Get ready to lose 10 pounds! By paying attention to the amount of food
you eat, eliminating unnecessary sugar and fat from your foods and making sure
you include absolutely delicious meals and snacks to keep your taste buds
happy. Use this easy-to-follow and super healthy diet plan to lose the first
10, the last 10, or any 10 in between! Because it’s a balanced and flexible
program, you can stay on this diet as long as it takes.
Top Fast Secrets
- Keep track
of everything you eat and drink. No need to estimate calories – just write
down the type of food or beverage and the amount.
- Cut your
fat intake in half, that means half as much margarine or butter on toast,
vegetables and your muffin, half the mayonnaise on your sandwich, and half
the oil in the pan when you saute foods. You get the idea!
- Limit the
sugar treats to three times per week maximum.
- Include
good sources of protein at meal, chicken, fish, legumes, peanut, cottage
cheese, eggs or yogurt.
- Eat at
least one meatless lunch and dinner each week to reduce fat, increase
fiber, and get yourself into the habit of building meals around whole
grains, beans and vegetables.
- If you’re
not currently using skim milk, go down to the level of fat content in the
milk you use.

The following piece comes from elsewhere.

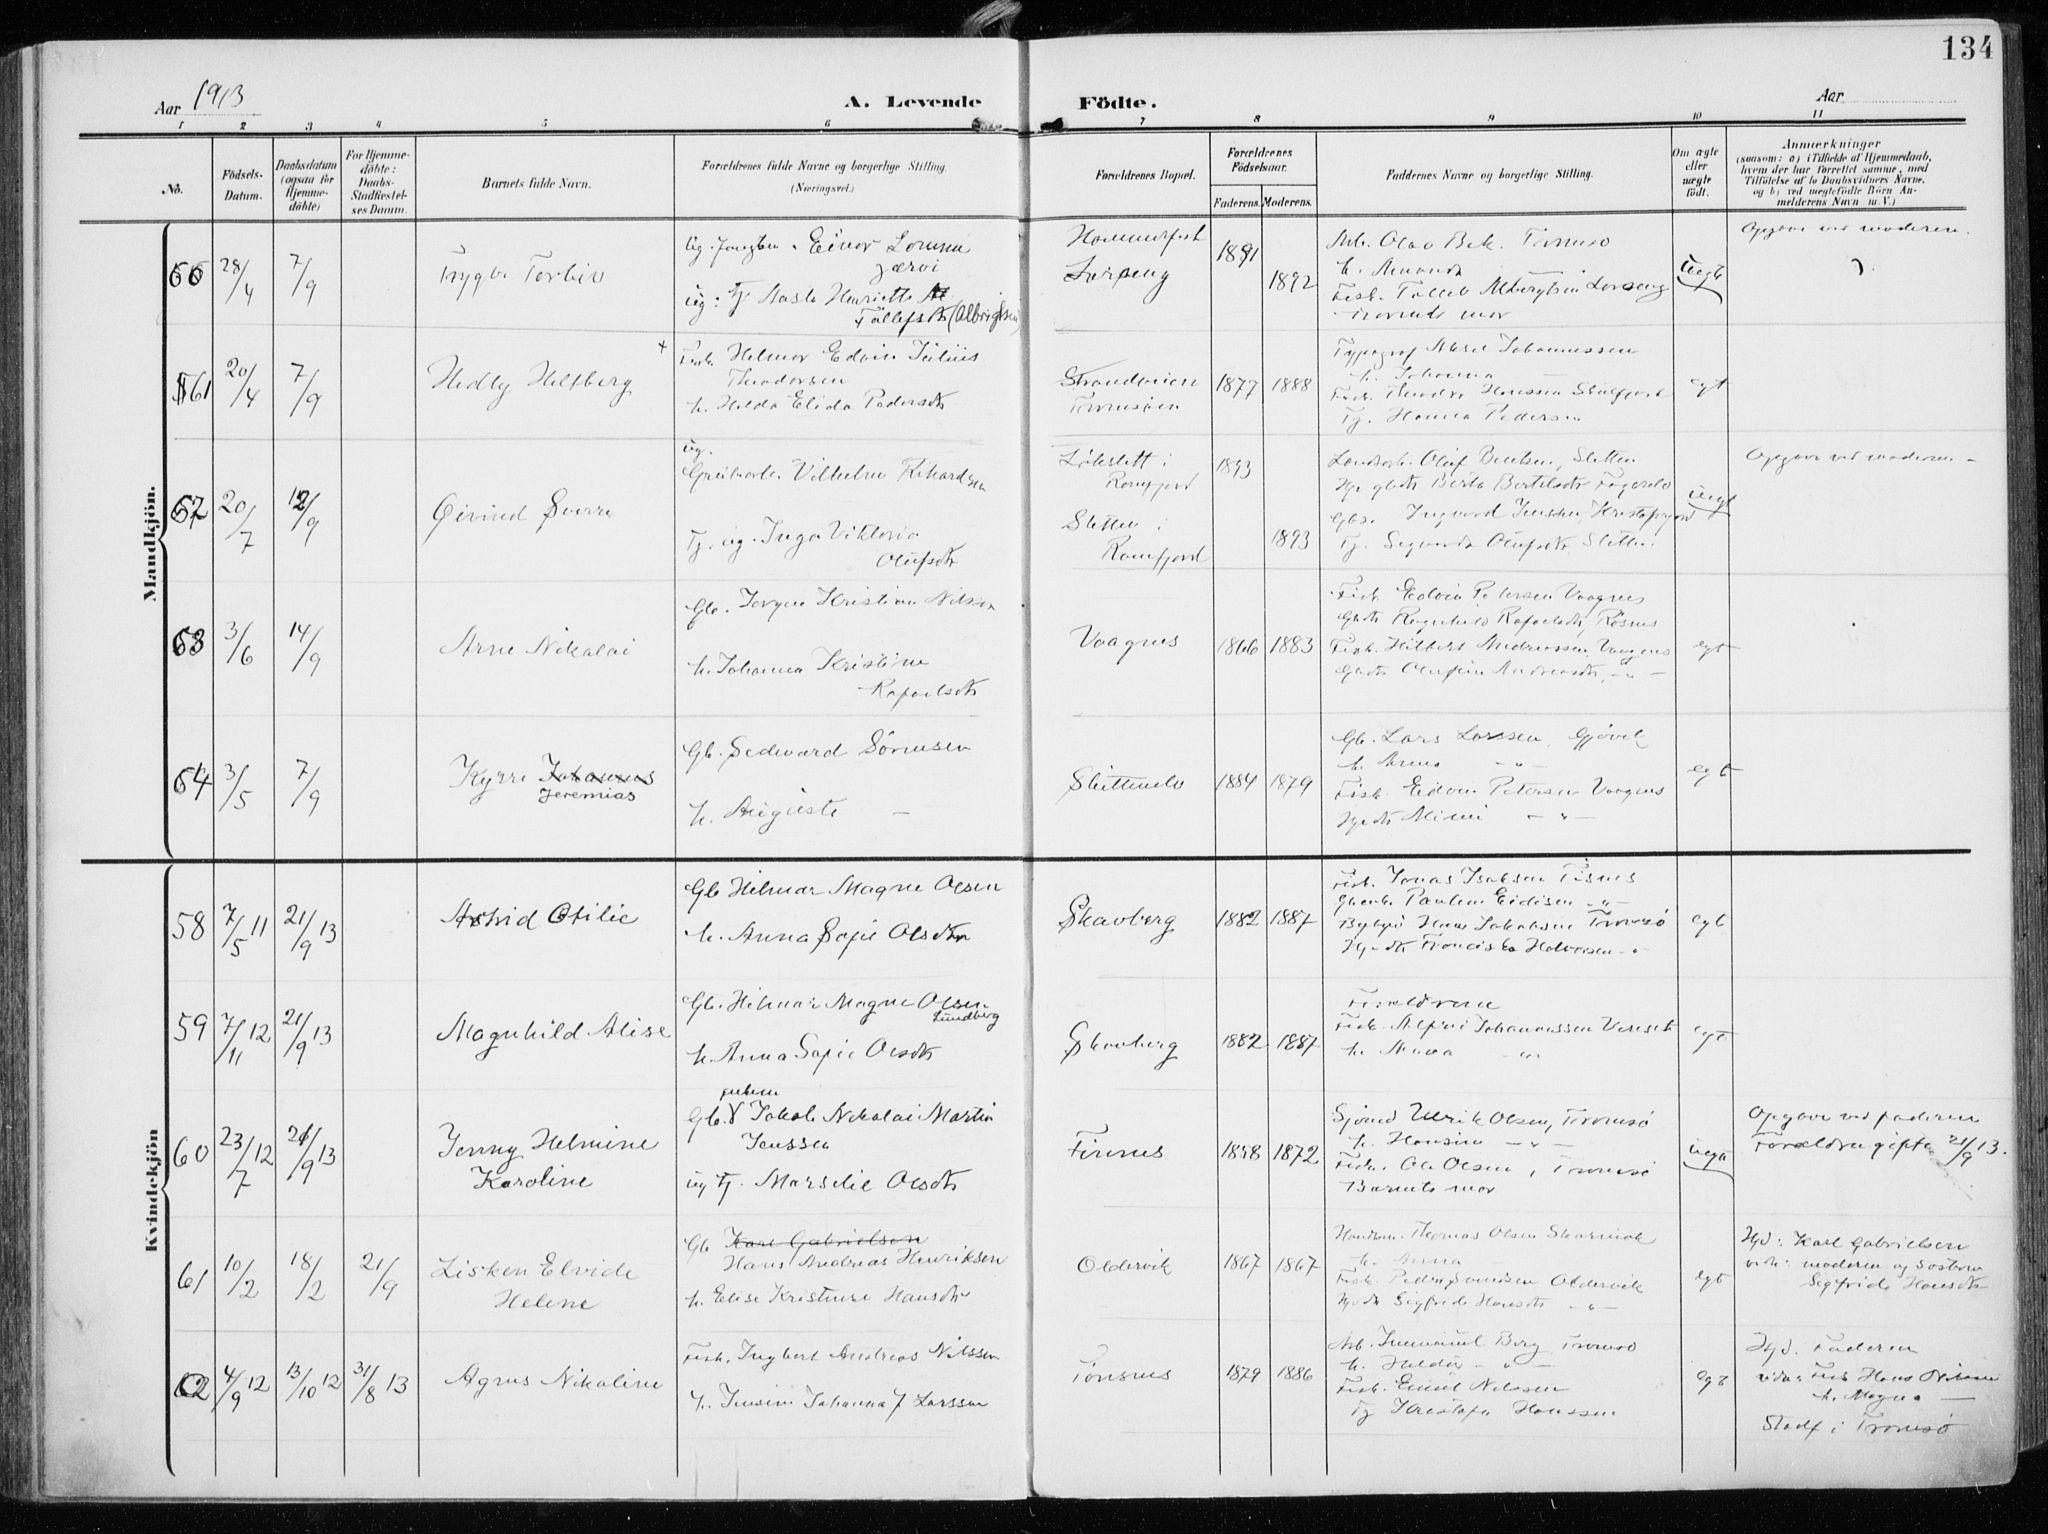 SATØ, Tromsøysund sokneprestkontor, G/Ga/L0007kirke: Ministerialbok nr. 7, 1907-1914, s. 134

For example, if you currently use two percent, use only one
percent. If you insist on whole milk, try two percent.
- Eat at
least two servings of fresh fruit every day. Choose whatever type of fruit
is in season.
- Instead of
fruit juice for breakfast or snack, drink water. Add a slice of lemon or
lime for zest.
- Include
two servings of vegetables with lunch and dinner, for a total of at least
four servings per day.
- Choose one
to two servings of foods made from whole grains with every meal.
- Shut off
the TV whenever you eat – that includes meals and snacks. Studies show
that we automatically eat larger portions when we snack in front of the
tube, and typically those foods are high in fat and sugar, which means
excess calories!
- Choose
calories you can chew – that means only calorie-free beverages (except for
milk) Sodas are loaded with empty calories, and fruit juices provide less
fiber and vitamins per calorie than the fruit they’re made from.
- Plan ahead
for meals and snacks so you know exactly what you plan to eat. Last-minute
choice tends to be higher in calories and lower in satisfaction.